Fields marked * have default values provided by buildTool() and can be omitted in tool definitions.

Several design choices worth examining in depth:

description is a function, not a string. The same tool may need different descriptions under different permission modes. For example, when a user configures an alwaysDeny rule prohibiting certain subcommands, the tool description can proactively inform the model "don't attempt these operations," avoiding useless tool calls at the prompt level.

inputSchema uses Zod v4. This allows strict runtime validation of tool parameters while automatically generating JSON Schema for the Anthropic API via z.toJSONSchema(). Zod's z.strictObject() ensures the model doesn't pass undefined parameters.

call receives a canUseTool callback. This is an extremely important design — a tool may need to recursively check permissions for sub-operations during execution. For example, AgentTool needs to check whether a sub-Agent has permission to use specific tools when spawning it.
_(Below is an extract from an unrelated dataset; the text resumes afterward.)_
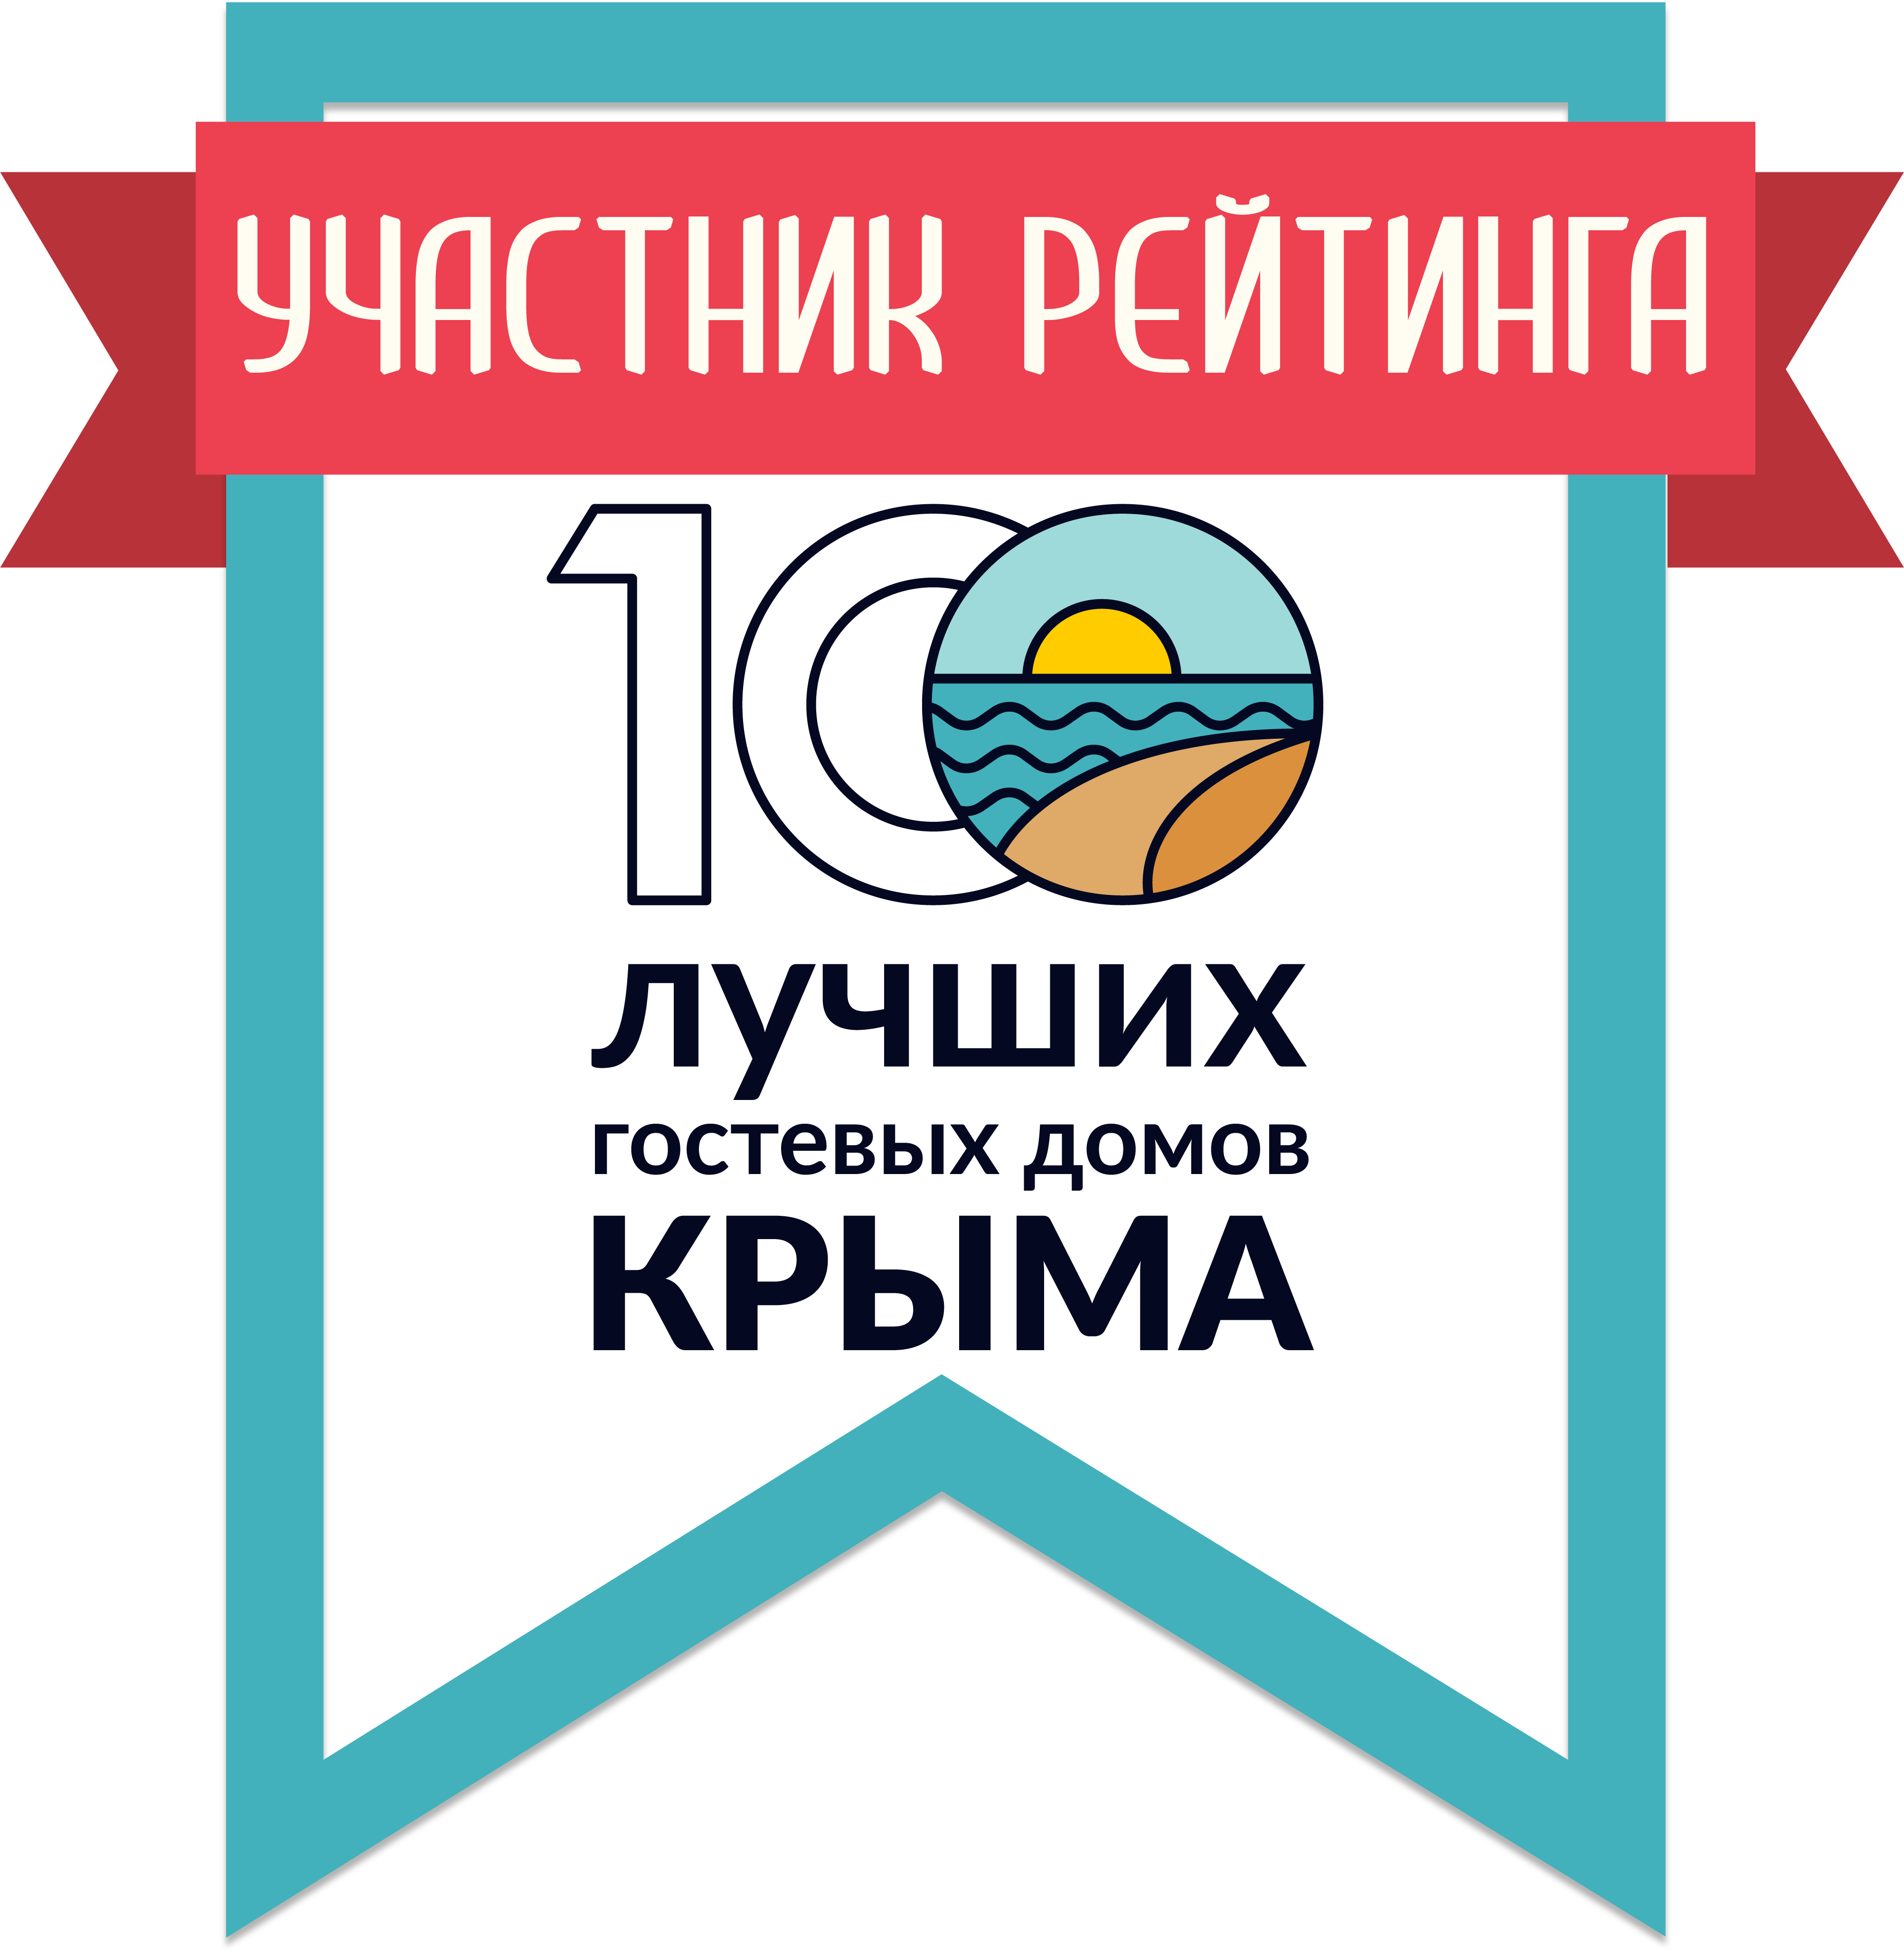 Участник рейтинга 100 лучших гостевых домов Крыма

Permission checking is not a one-time gate but a continuous verification throughout the execution process.

Rendering Contract: Three Method Groups

The Tool interface defines a set of rendering methods that constitute the tool's complete lifecycle representation in the terminal UI (see Section 2.5):

renderToolUseMessage          // Displayed when the tool is invoked
renderToolUseProgressMessage  // Displays progress during execution
renderToolResultMessage       // Displays results after execution completes

There are also optional methods like renderToolUseErrorMessage, renderToolUseRejectedMessage (permission denied), and renderGroupedToolUse (grouped display of parallel tools).


2.2 The buildTool() Factory Function and Fail-Closed Defaults

Every concrete tool is not directly exported as an object satisfying the Tool interface but is constructed through the buildTool() factory function. This function is defined in restored-src/src/Tool.ts:783-792:

export function buildTool<D extends AnyToolDef>(def: D): BuiltTool<D> {
  return {
    ...TOOL_DEFAULTS,
    userFacingName: () => def.name,
    ...def,
  } as BuiltTool<D>
}

The runtime behavior is minimal — just an object spread. But its type-level design (BuiltTool<D> type) precisely models the semantics of { ...TOOL_DEFAULTS, ...def }: if the tool definition provides a method, use the tool definition's version; otherwise use the default.

Defaults and the "Fail-Closed" Philosophy

TOOL_DEFAULTS (restored-src/src/Tool.ts:757-769) is designed following a safety principle — assume the most dangerous scenario when uncertain:

Default MethodDefault ValueDesign Intent
isEnabled() => trueTools are available by default unless explicitly disabled
isConcurrencySafe() => falseFail-closed: Assume unsafe, prohibit concurrency
isReadOnly() => falseFail-closed: Assume it writes, require permissions
isDestructive() => falseNon-destructive by default
checkPermissionsReturns { behavior: 'allow' }Delegate to the general permission system
toAutoClassifierInput() => ''Doesn't participate in automatic safety classification by default
userFacingName() => def.nameUses the tool name

The two most important defaults are isConcurrencySafe: false and isReadOnly: false. This means: if a new tool forgets to declare these properties, the system automatically treats it as "may modify the file system and cannot execute concurrently" — the most conservative, safest assumption. Only when a tool developer actively declares isConcurrencySafe() { return true } and isReadOnly() { return true } does the system relax restrictions.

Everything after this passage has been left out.